Is there any kind of known pattern to $\sqrt 2$ in base 2? Is there any kind of known pattern to $\sqrt 2$ in base 2?
Is there any classification categories for decimal digits of numbers that for example would put $\sqrt 2, \sqrt 3 \cdots \sqrt n$ into separate category than $\sqrt[3] 2, \sqrt[3] 3 \cdots \sqrt[3] n$
Or given a decimal expansion with arbitrary precision, or definition of digit in the nth place (not necessarily decimal expansion) to get a probability of which class of numbers the number is likely to be? e.g. transcedental or algebraic of degree k?     
 A: One expression for the square root of 2 is given by $\sqrt{2} = \sum_{k=0}^{\infty} (2k+1) \binom{2k}{k}  2^{-3k -1} $ which is rather useful for computing the digits exactly. It also means that any pattern in the binary digits of $\sqrt{2}$ should be somewhat related to the the digits of the central binomial coefficients. There's probably a combinatorial interpretation of this.
Incidentally, $(2k+1) \binom{2k}{k}$ is asymptotic to $\frac{2^{2k + 1}}{\sqrt{\pi}}$ so the number of terms affecting the kth digit is linear in k. Also, the greatest power of 2 dividing the central binomial coefficient is known as Gould's sequence, i,e, $\binom{2k}{k} = 2^{2^{h(k)}}$ where $h(k)$ is the hamming weight of k.
A: there is a method to calculate decimal places of root2, probably that could help find a pattern with it.
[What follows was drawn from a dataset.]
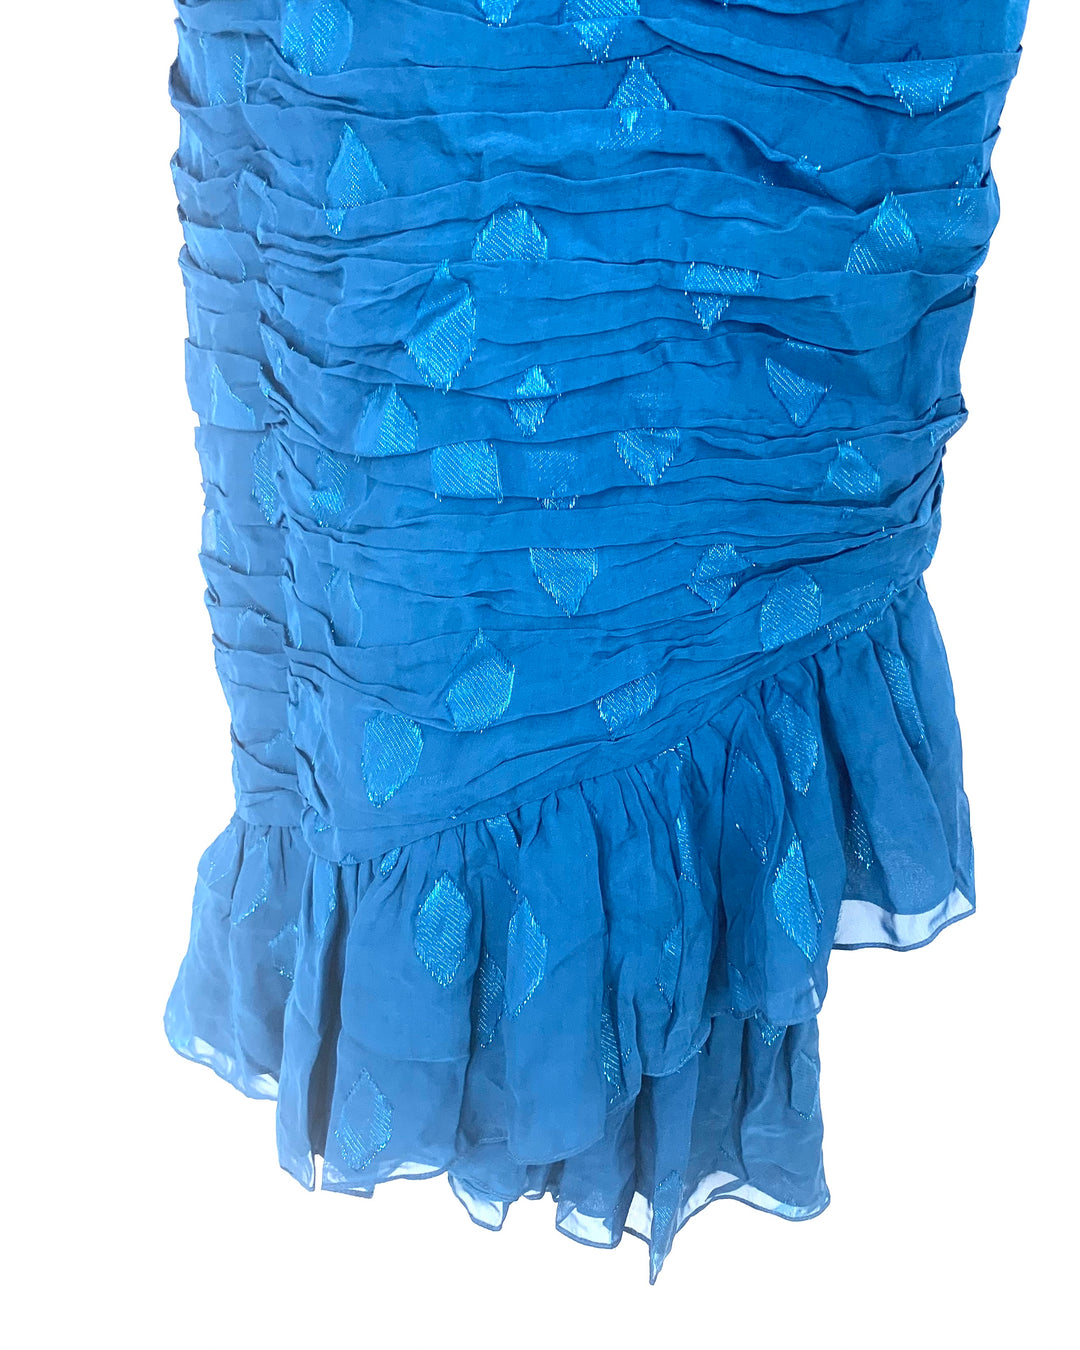 Cerulean Blue Off-the-Shoulder Cocktail Dress - Size 2/4

Although this is not a very obvious one, it probably could (very loosely) help to find a pattern.
The method works a bit like dividing, so you have to calculate the next decimal place, then the next.
It does not work on approximations by the way.
http://www.murderousmaths.co.uk/books/sqroot.htm
On this link you will see a few methods, but scroll down past the cyan shortcut box and you will see the one shown by Frank La Fontaine.
I'm sorry that I can't show an actual pattern, but hopefully this helps.